#### Problem details:
Everything from the opening line of the listing below to the line that has "NWT Lularoe jade Capri workout pants NWT", inclusive, should be returned exactly, except the pictures.

#### Dataset excerpt:
===============

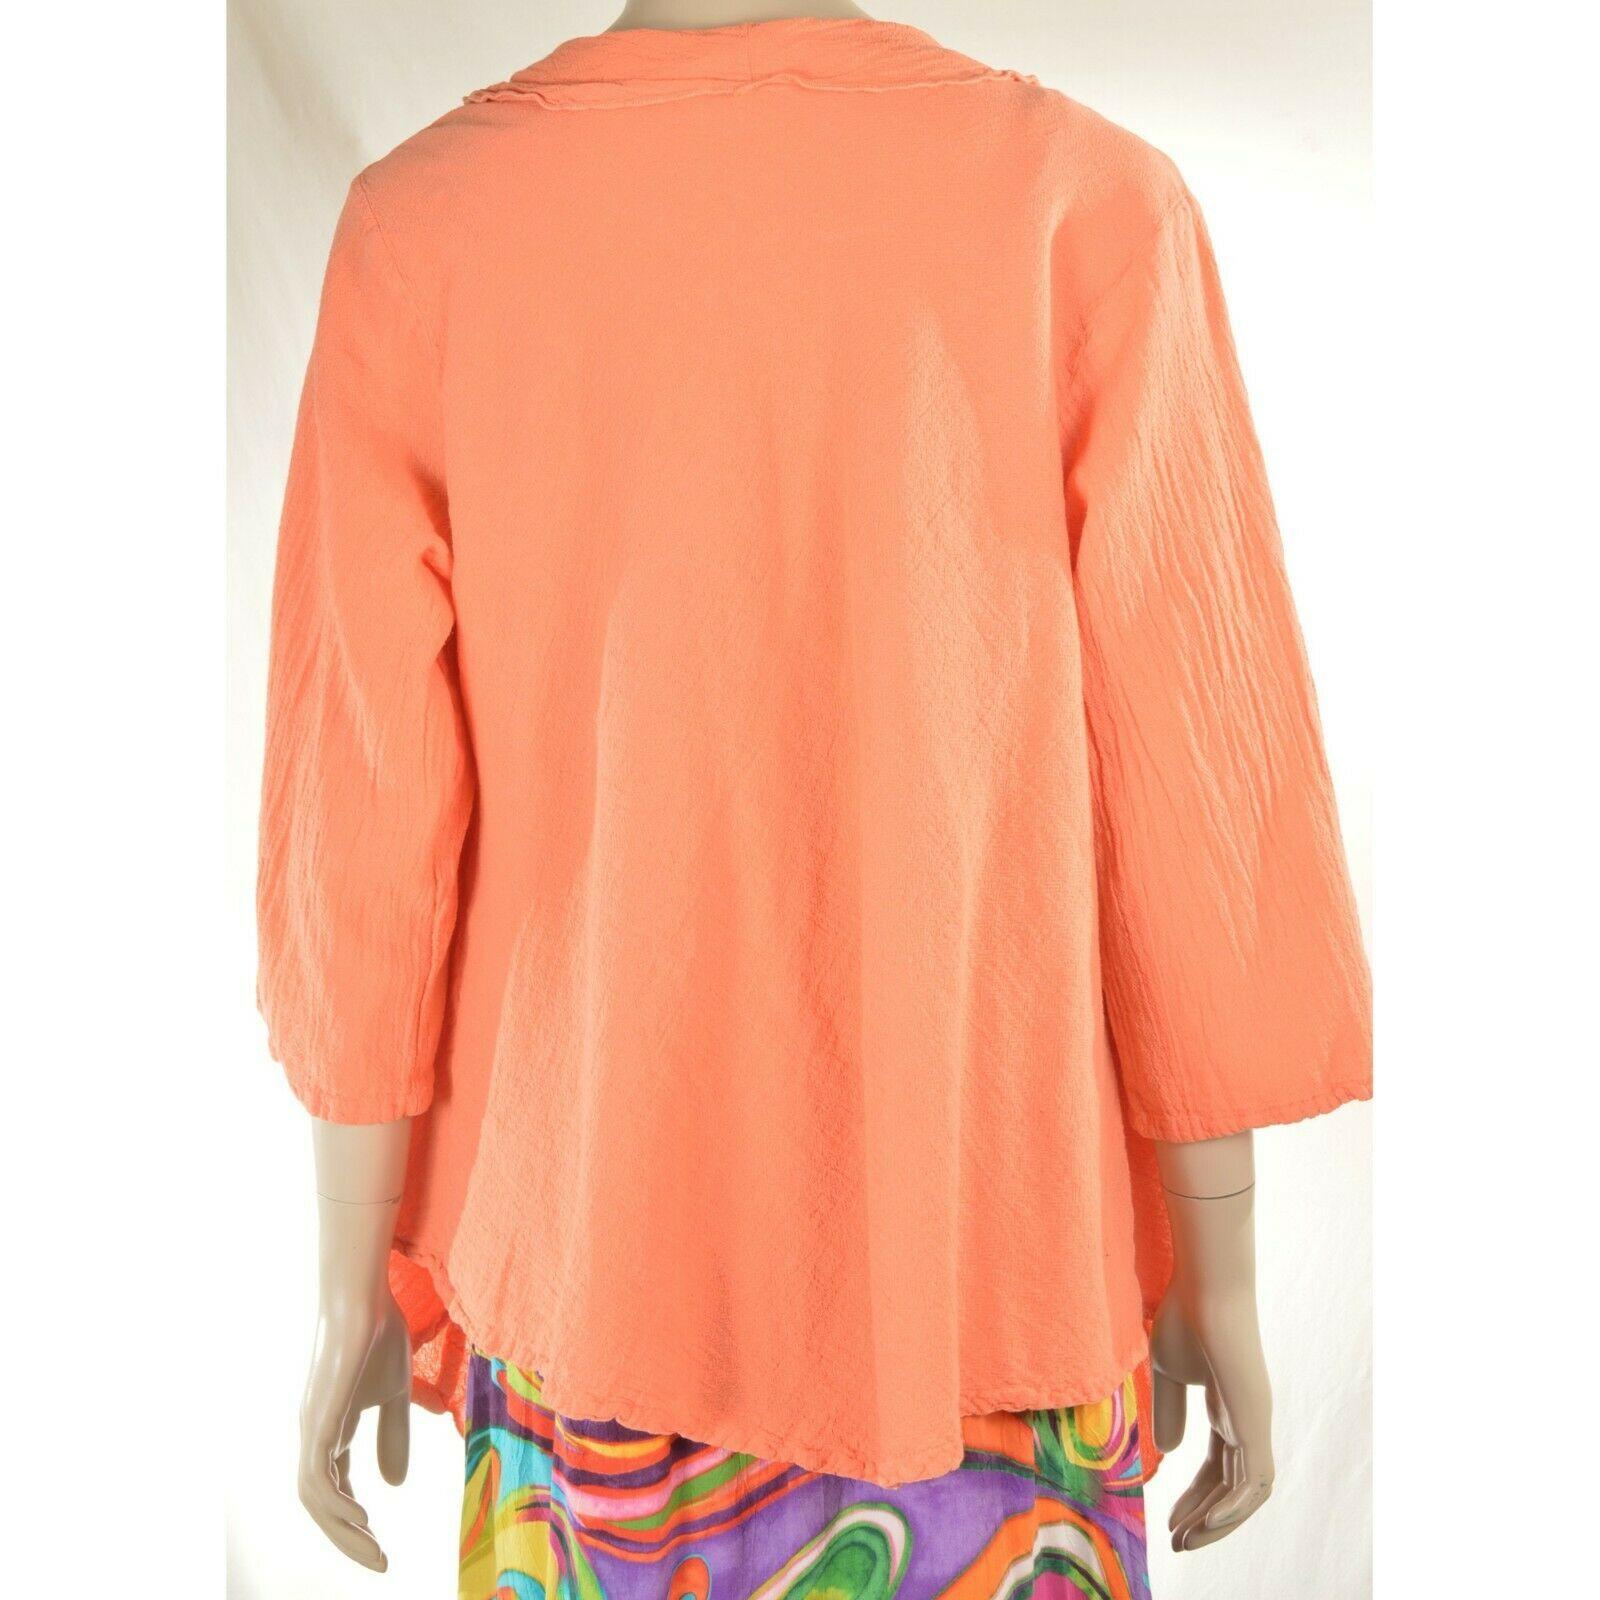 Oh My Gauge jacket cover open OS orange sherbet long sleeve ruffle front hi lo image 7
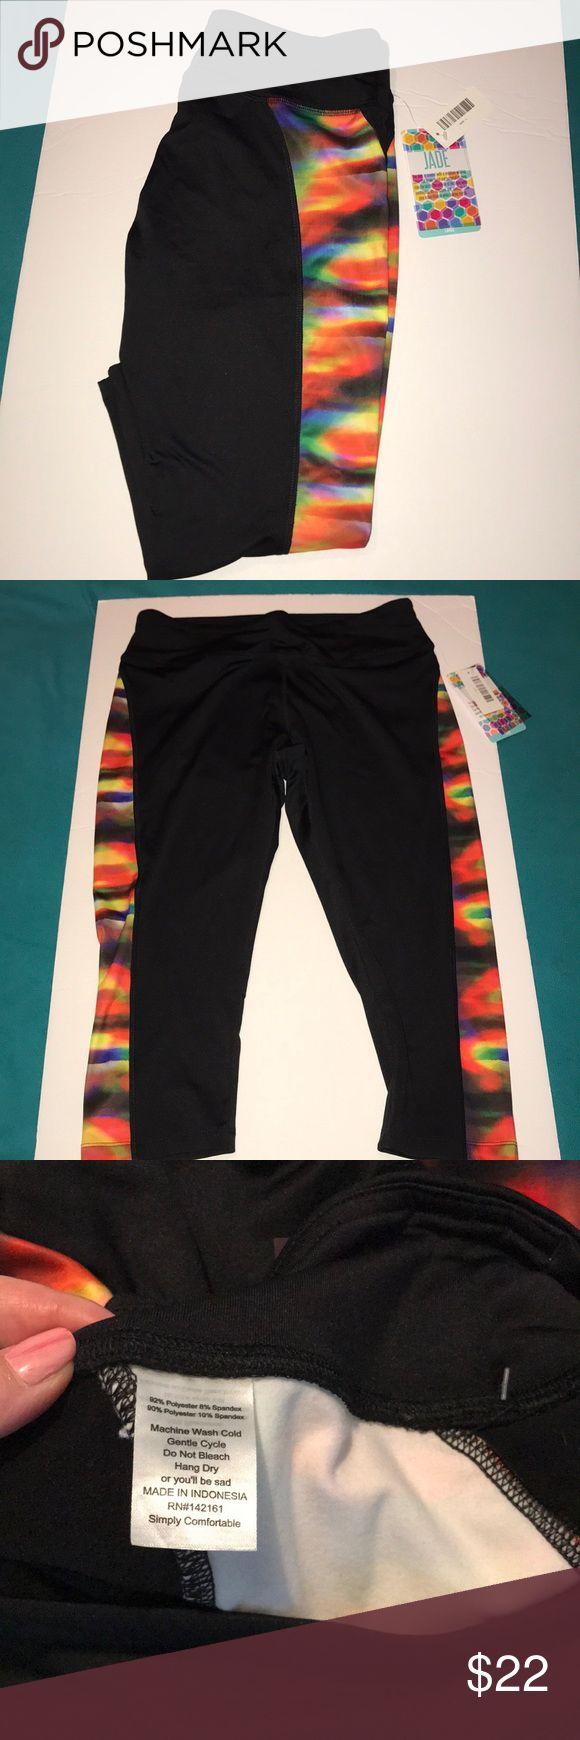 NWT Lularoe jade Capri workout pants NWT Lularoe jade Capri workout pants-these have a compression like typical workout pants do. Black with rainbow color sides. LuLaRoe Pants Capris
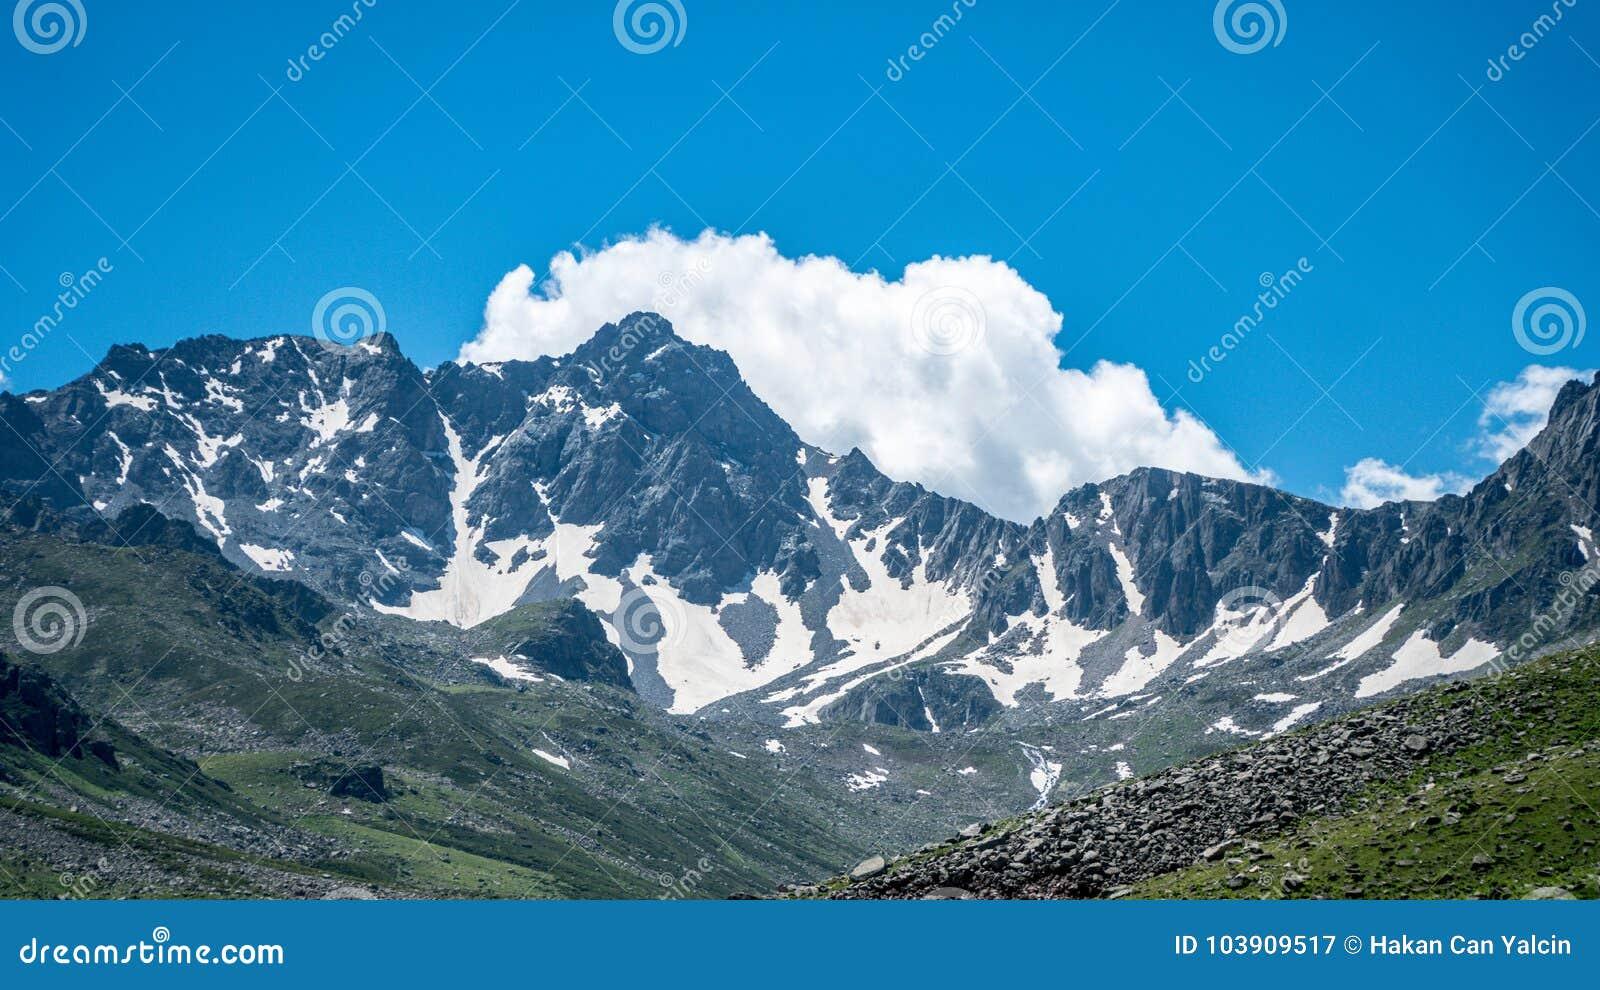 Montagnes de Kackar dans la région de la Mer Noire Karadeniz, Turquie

===============

#### Answer area:
 Oh My Gauge jacket cover open OS orange sherbet long sleeve ruffle front hi lo image 7
 NWT Lularoe jade Capri workout pants NWT Lularoe jade Capri workout pants-these have a compression like typical workout pants do. Black with rainbow color sides. LuLaRoe Pants Capris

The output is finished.